▶ [Assignment]
An exact reprint of the listing is required, with no pictures included.

▶ [Provided material]
========================
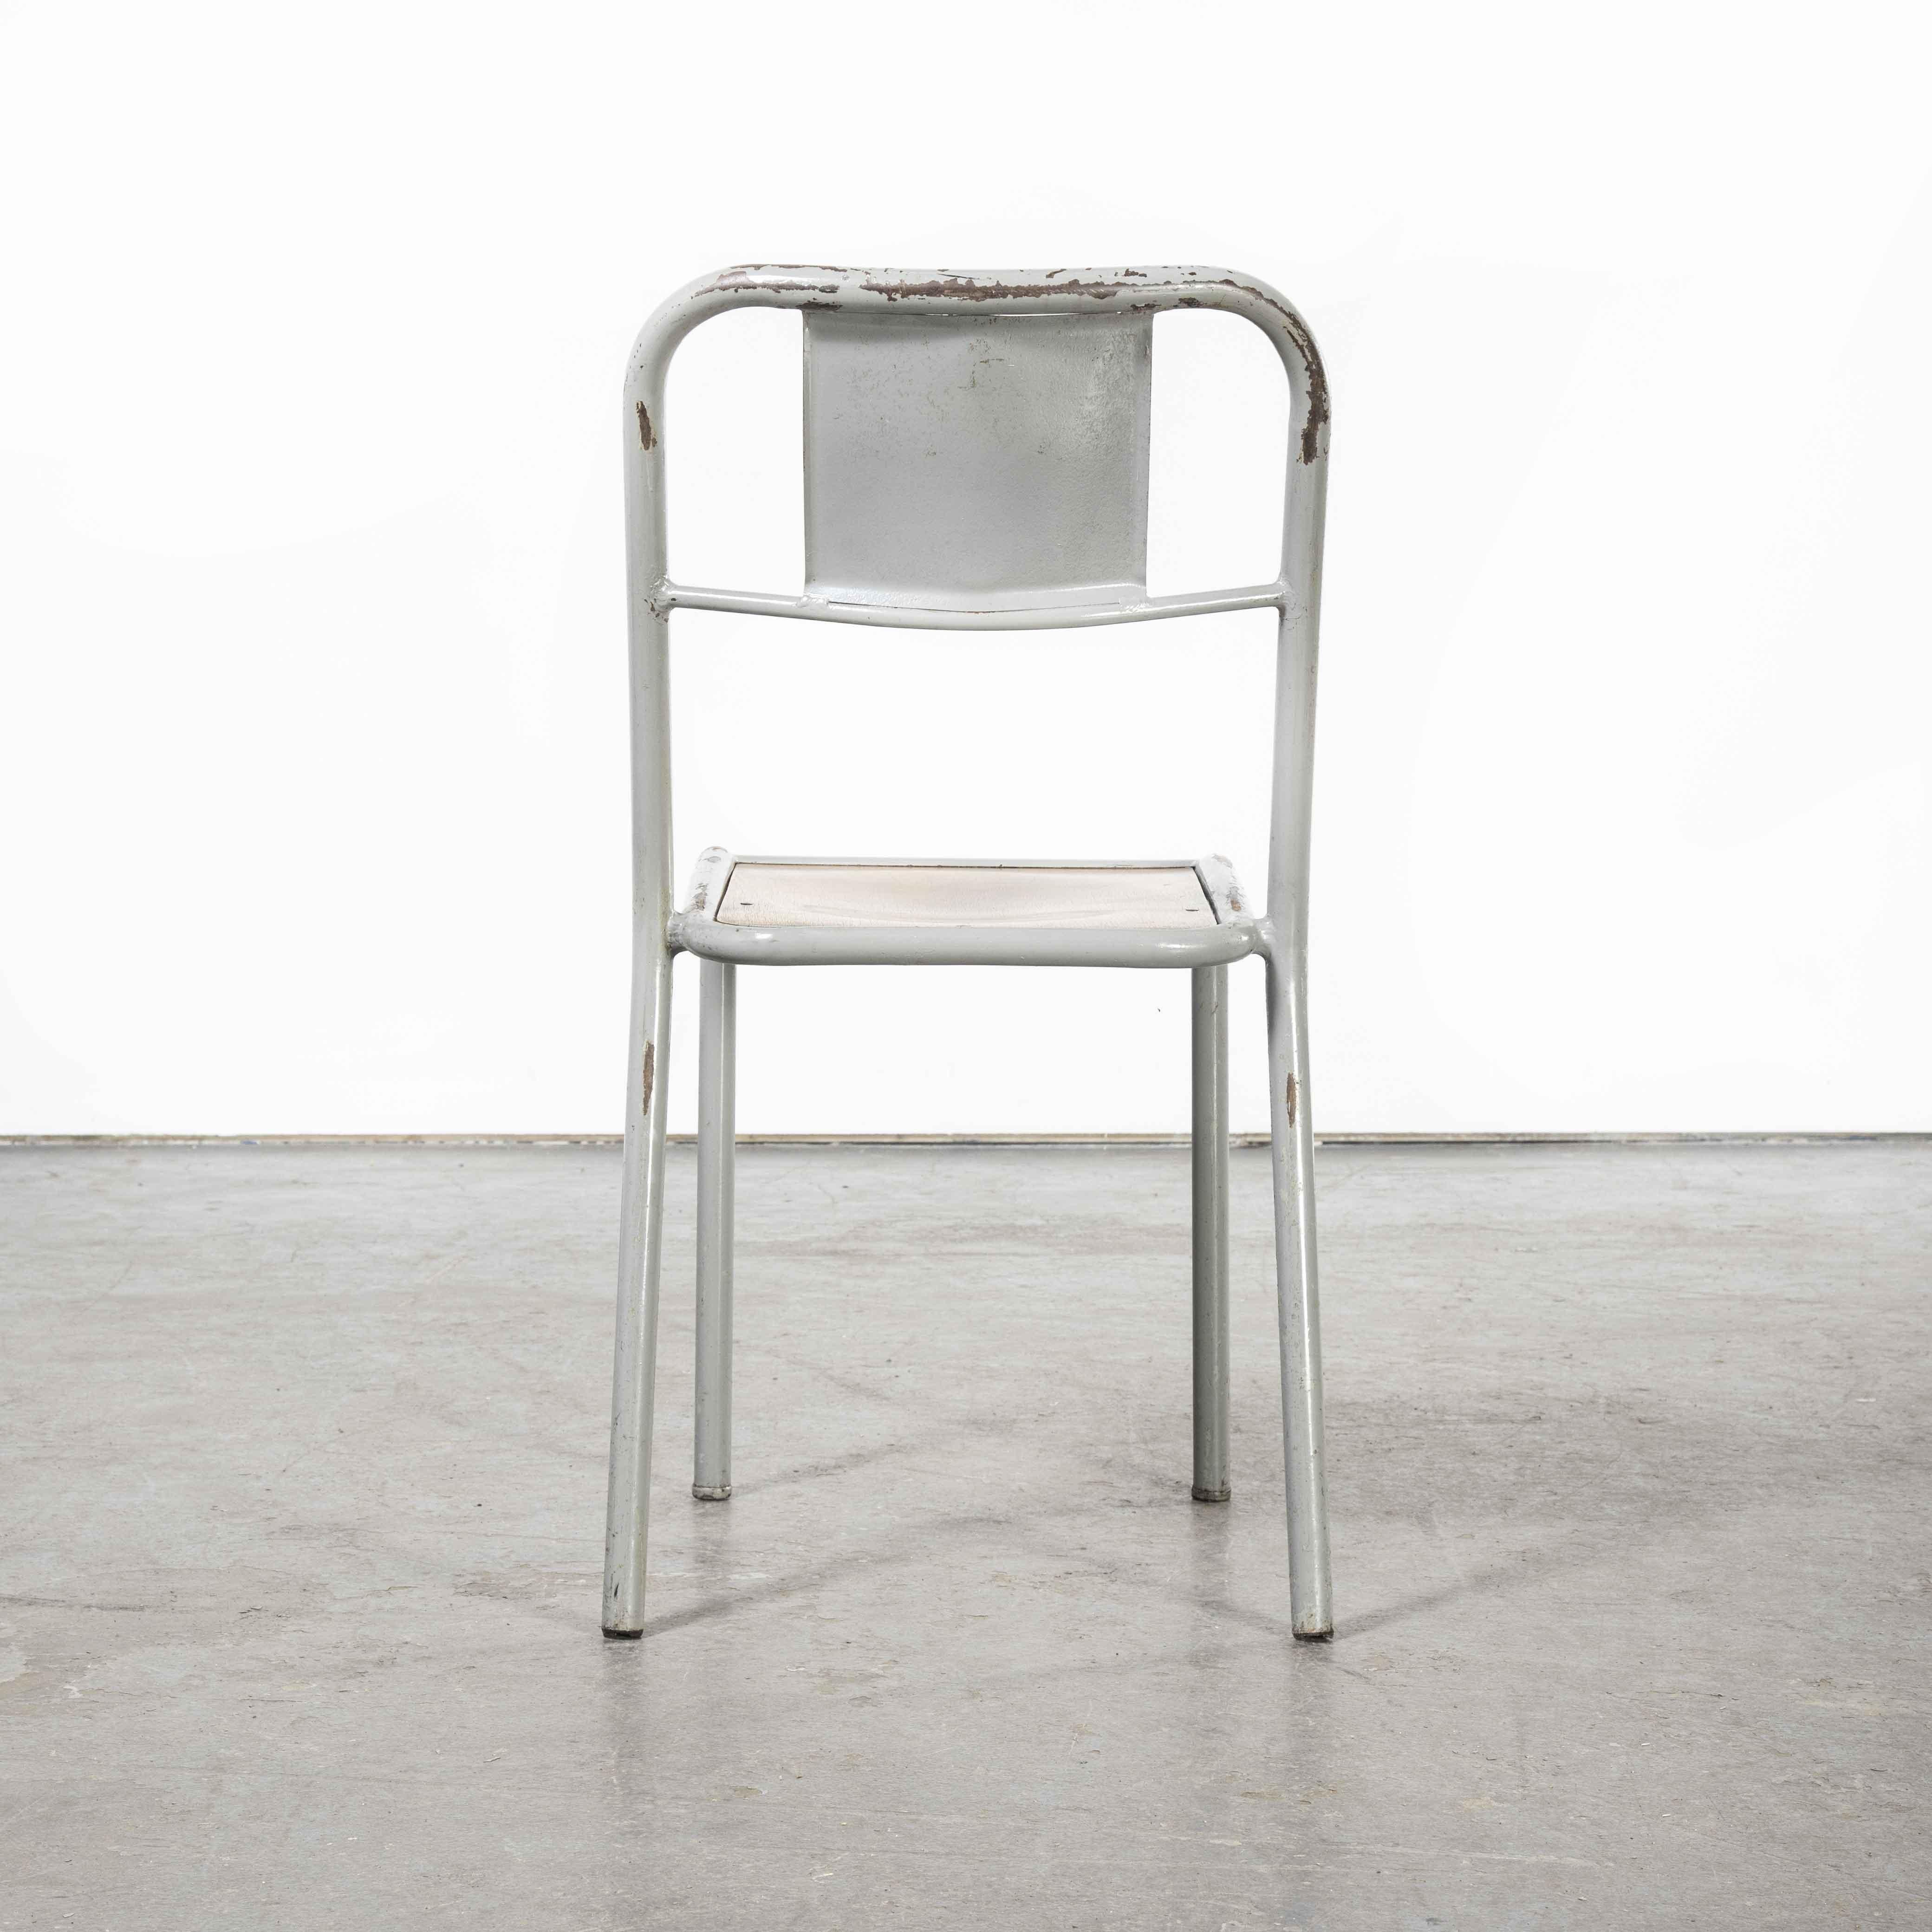 1950's French Mullca Stapel-Esszimmerstühle grau mit Holzsitz - verschiedene Mengen verfügbar

1950's French Mullca Stapel-Esszimmerstühle grau mit Holzsitz - verschiedene Mengen verfügbar. Robert Muller und Gaston Cavaillon, einer unserer
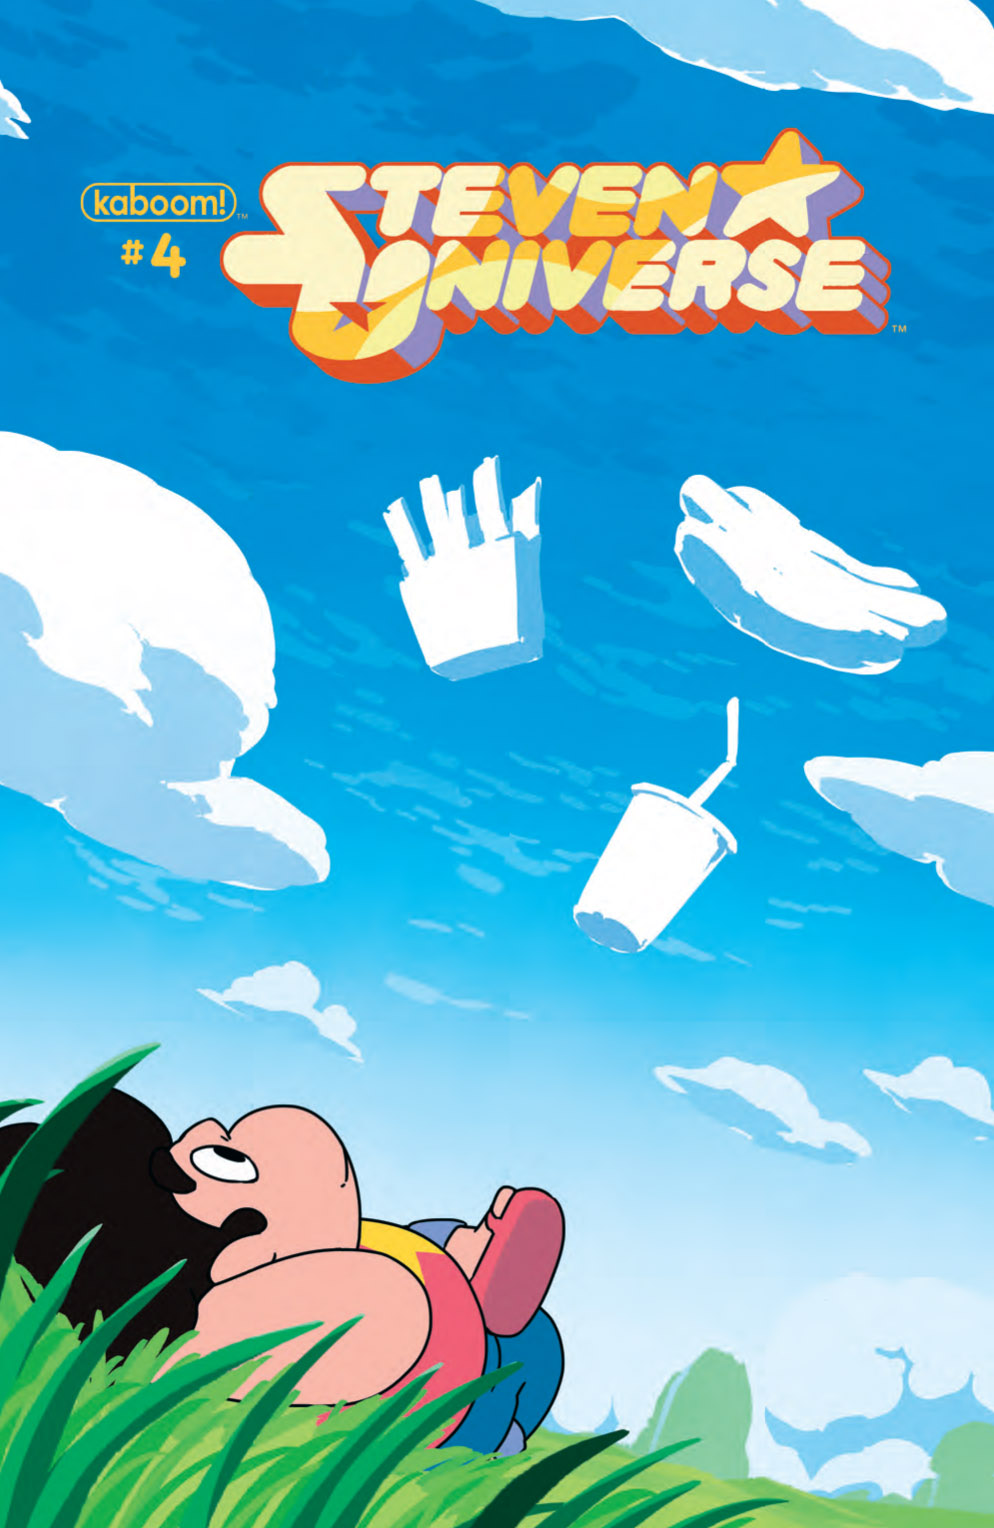 Exclusive Pre Steven Universe 13th Dimension Ics
========================
▶ [Solution for this task]
 1950's French Mullca Stapel-Esszimmerstühle grau mit Holzsitz - verschiedene Mengen verfügbar

1950's French Mullca Stapel-Esszimmerstühle grau mit Holzsitz - verschiedene Mengen verfügbar. Robert Muller und Gaston Cavaillon, einer unserer
 Exclusive Pre Steven Universe 13th Dimension Ics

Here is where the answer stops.